Disclaimer: The following account suffers from both my hazy memory and the demands of expediency, so the best I can say about it is that it is mostly accurate.

-- CurtisBartley

***** Logging Project I *****

Around August of 1999 my team started work on a distributed application. The bulk of the system was being written by a team in another city, but my team was responsible for a major subsystem.

My job was to implement a number of services that would make up part of a distributed application. I knew from the beginning that we were going to need some sort of logging system. This wasn't because the customers requested it (they didn't) or because the official architecture called for it (it didn't).

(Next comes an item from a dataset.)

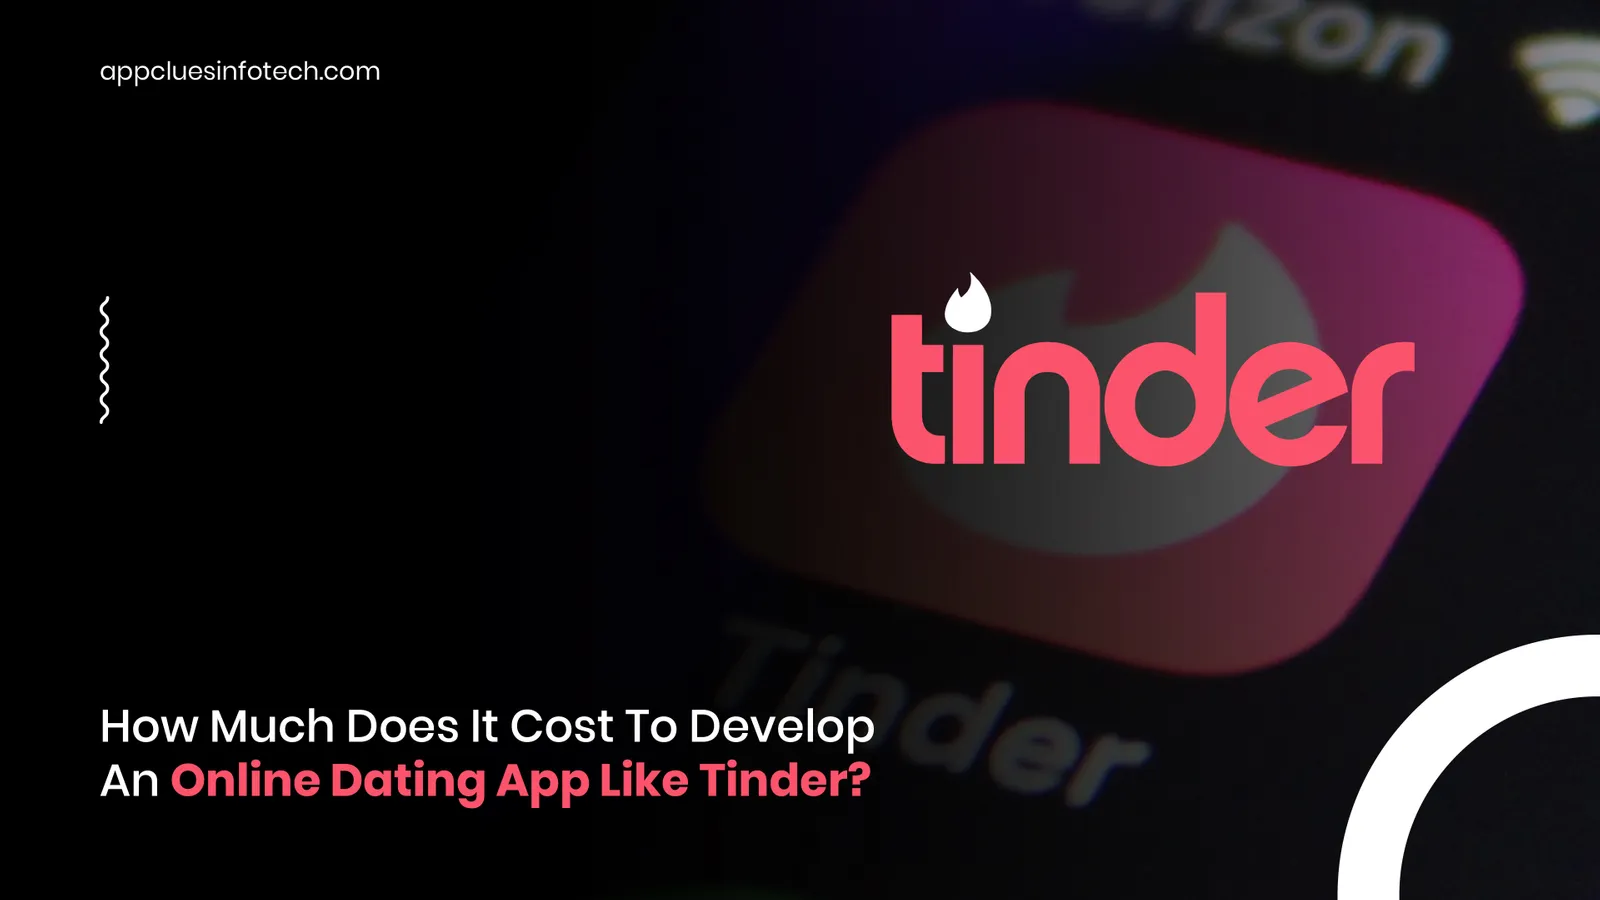 How Much Does It Cost To Develop An Online Dating App Like Tinder?

What I knew for sure was that I was going to need it, first as an aid in debugging my own components during development and second because I knew yours truly was going to be expected to troubleshoot the production system.

It's worth noting that Project I was going to be operated by my company but sold through resellers who were going to resell it to the ultimate end-customers. To make it more complicated, the end-customers (who would pay for the service) were buying it to service their own clients. We attempted to identify all the different roles involved in the usage of the system, giving us (at least), clients, two kinds of end-customers, customer-support people at the re-sellers, and customer-support people working for my company. However, we failed to identify operations at my company as an important role, and we didn't attempt to interview the operations people we had working on other projects, although in hind-sight that would have been a good idea. It's also worth pointing out that although we got some money from our resellers, most of the development effort was funded with my company's money. So even if we'd been doing the entire project at one site, it still would have been impossible to use the standard ExtremeProgramming process.

I Envision the Logging System

From the very beginning I was convinced that we would ultimately need a network logging system that could aggregate logs from many different processes running on many different machines, and we needed some form of filtering that would allow us to view specific subsets of the aggregated logs. And clearly we were going to want to monitor for errors in real-time so that operations could deal with them as quickly as possible.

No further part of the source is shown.